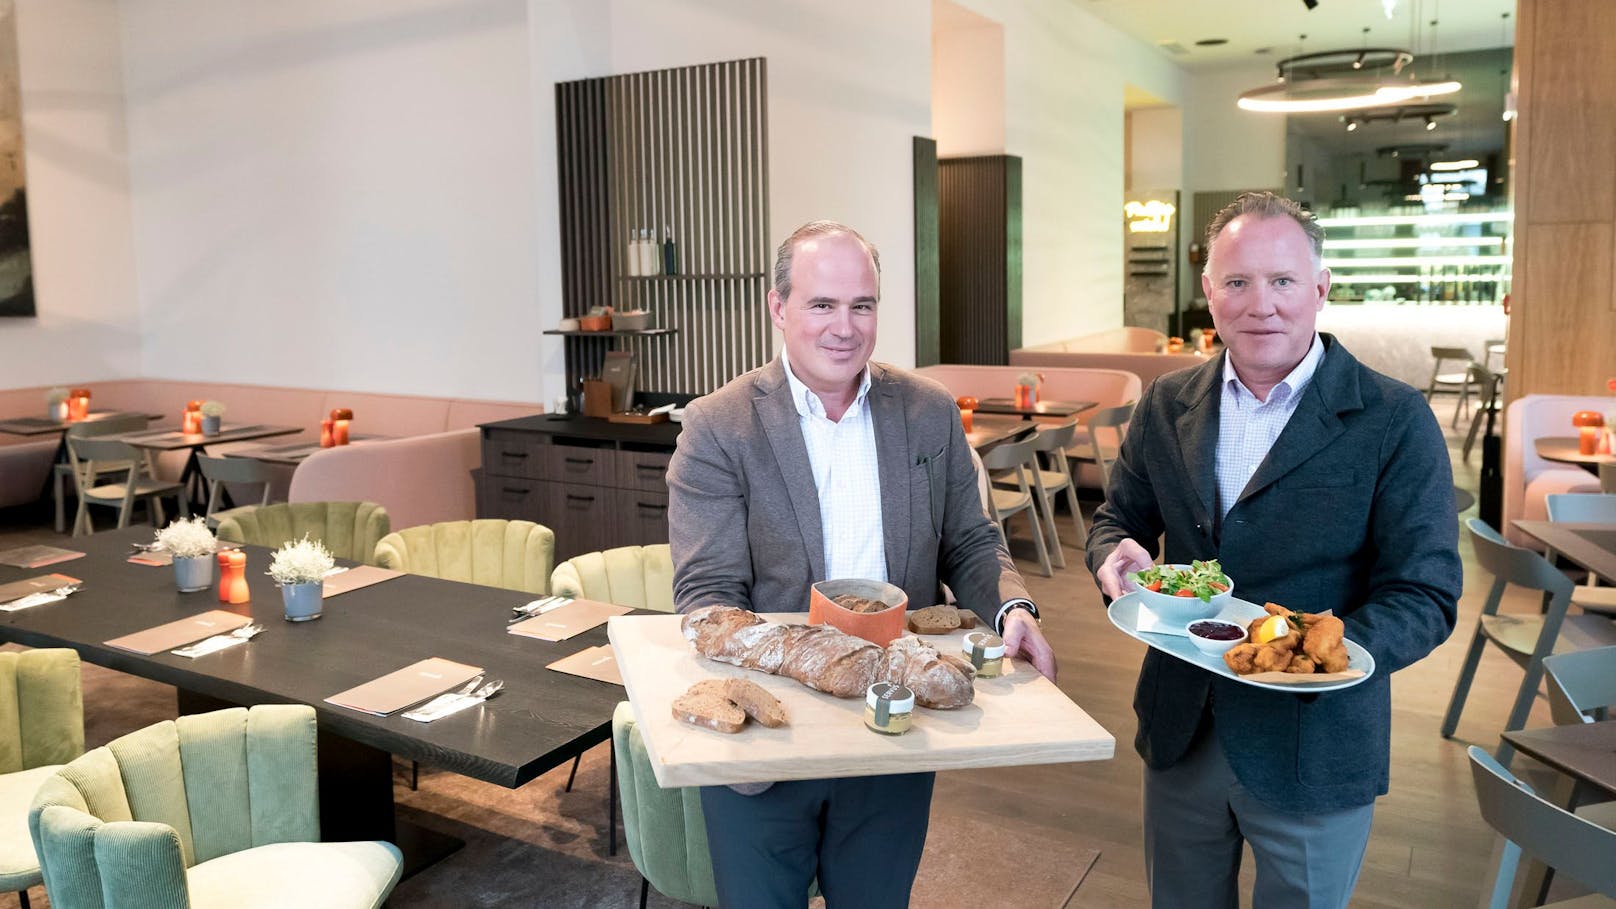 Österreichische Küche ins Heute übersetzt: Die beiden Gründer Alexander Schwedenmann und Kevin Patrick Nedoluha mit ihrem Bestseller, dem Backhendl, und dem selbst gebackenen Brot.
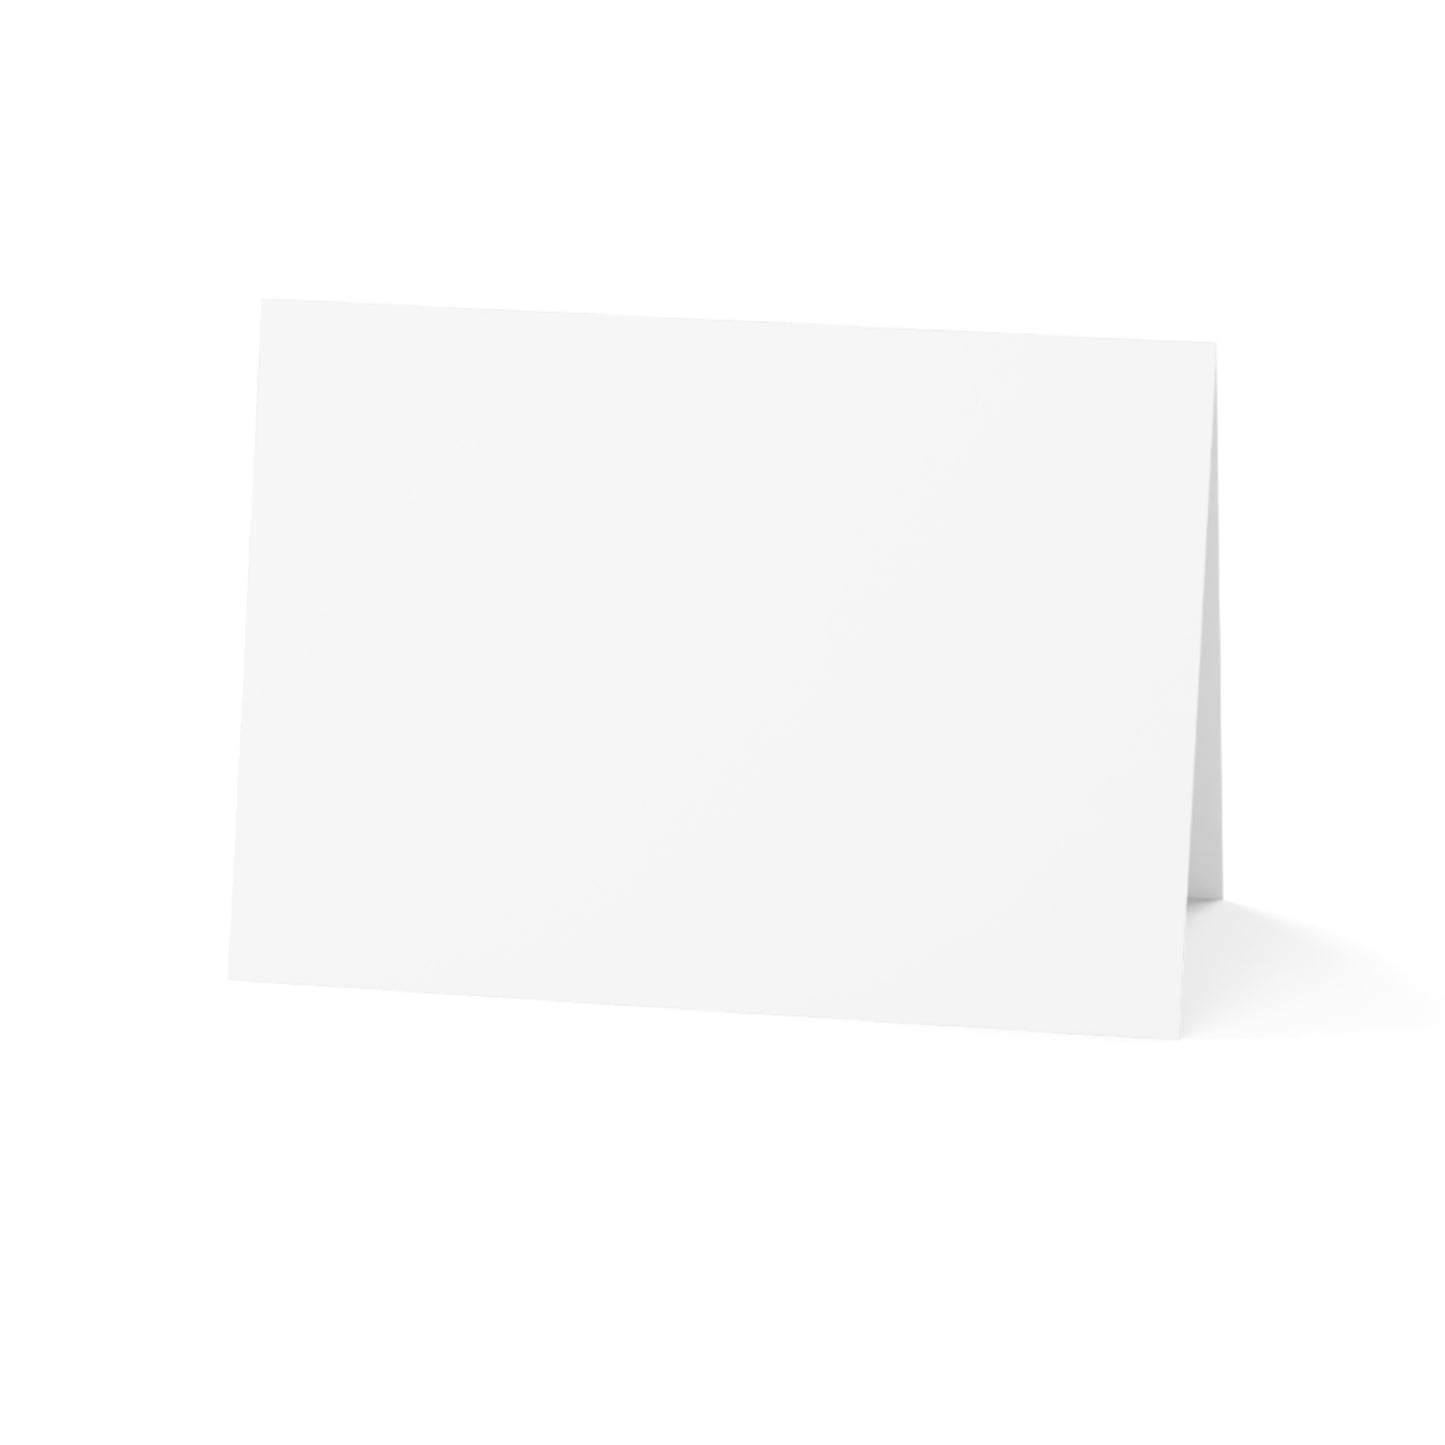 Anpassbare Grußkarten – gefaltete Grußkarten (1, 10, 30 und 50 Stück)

* * *

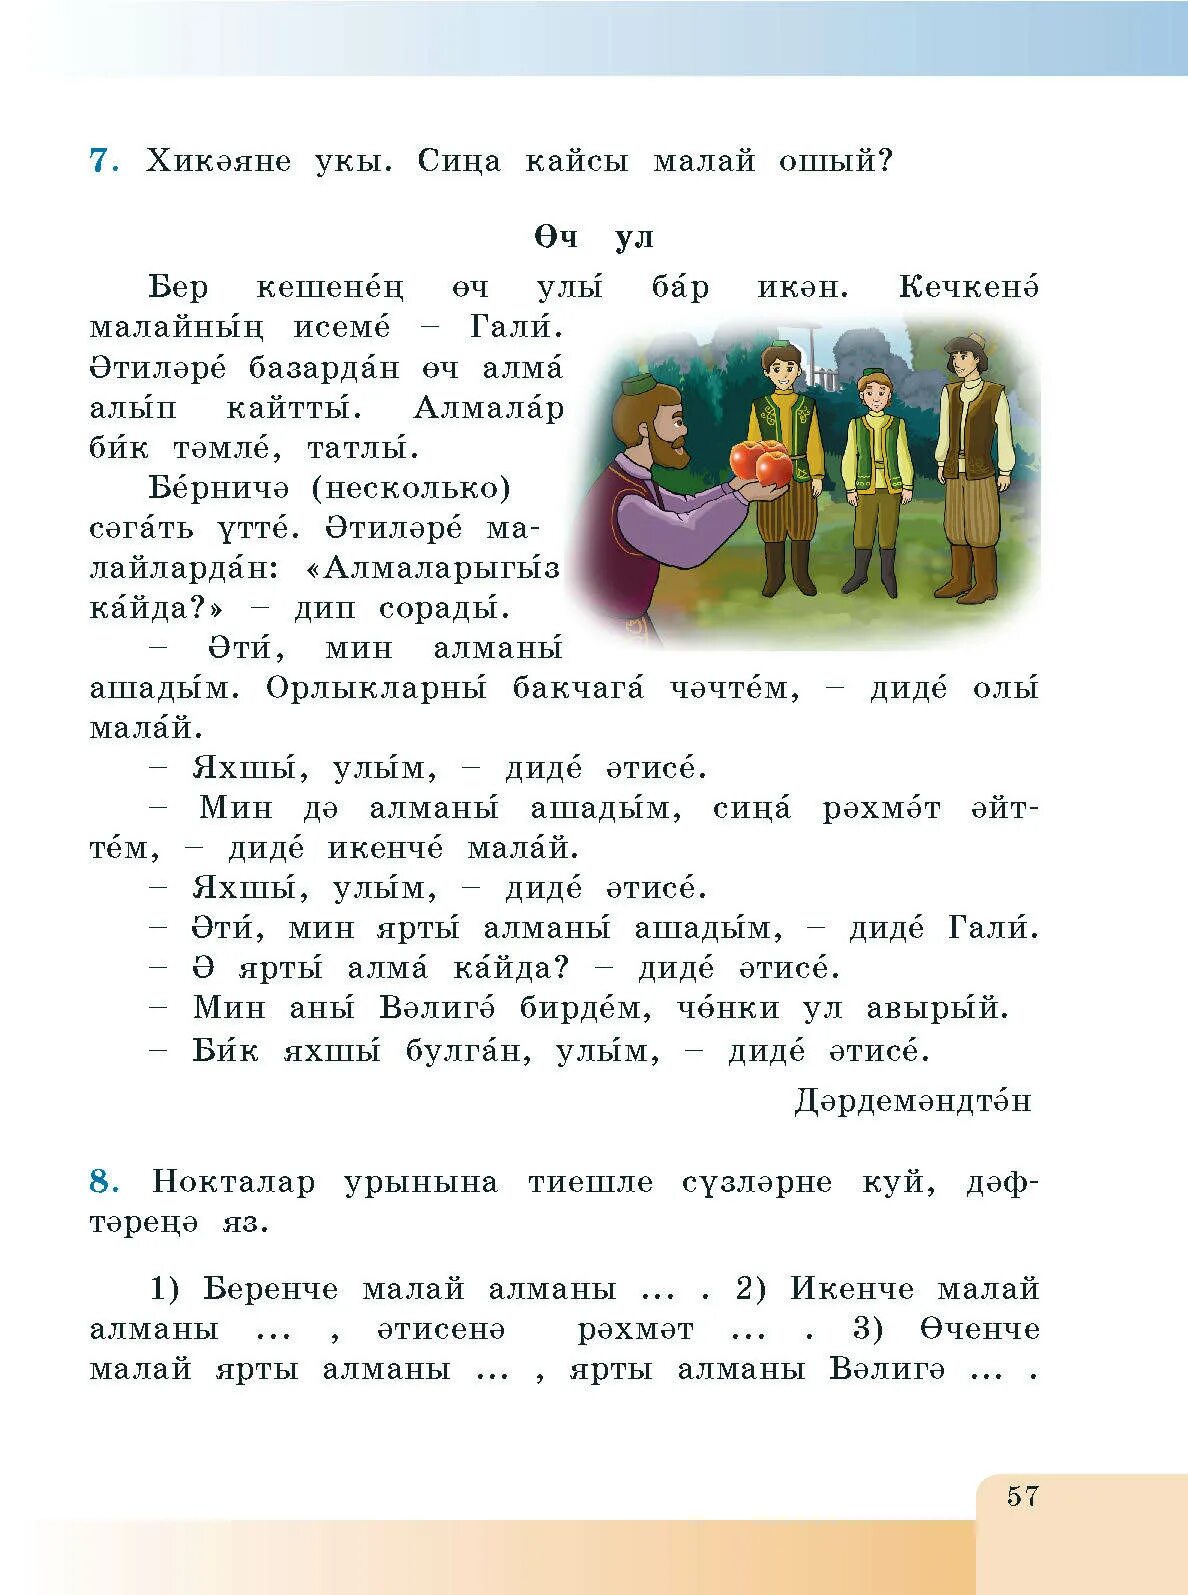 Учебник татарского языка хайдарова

**Required work**
Copy the entries above exactly, but only the stretch from the line containing "Österreichische Küche ins" through the line containing "Anpassbare Grußkarten –". Keep both end lines; drop the pictures.

**Solution**
 Österreichische Küche ins Heute übersetzt: Die beiden Gründer Alexander Schwedenmann und Kevin Patrick Nedoluha mit ihrem Bestseller, dem Backhendl, und dem selbst gebackenen Brot.
 Anpassbare Grußkarten – gefaltete Grußkarten (1, 10, 30 und 50 Stück)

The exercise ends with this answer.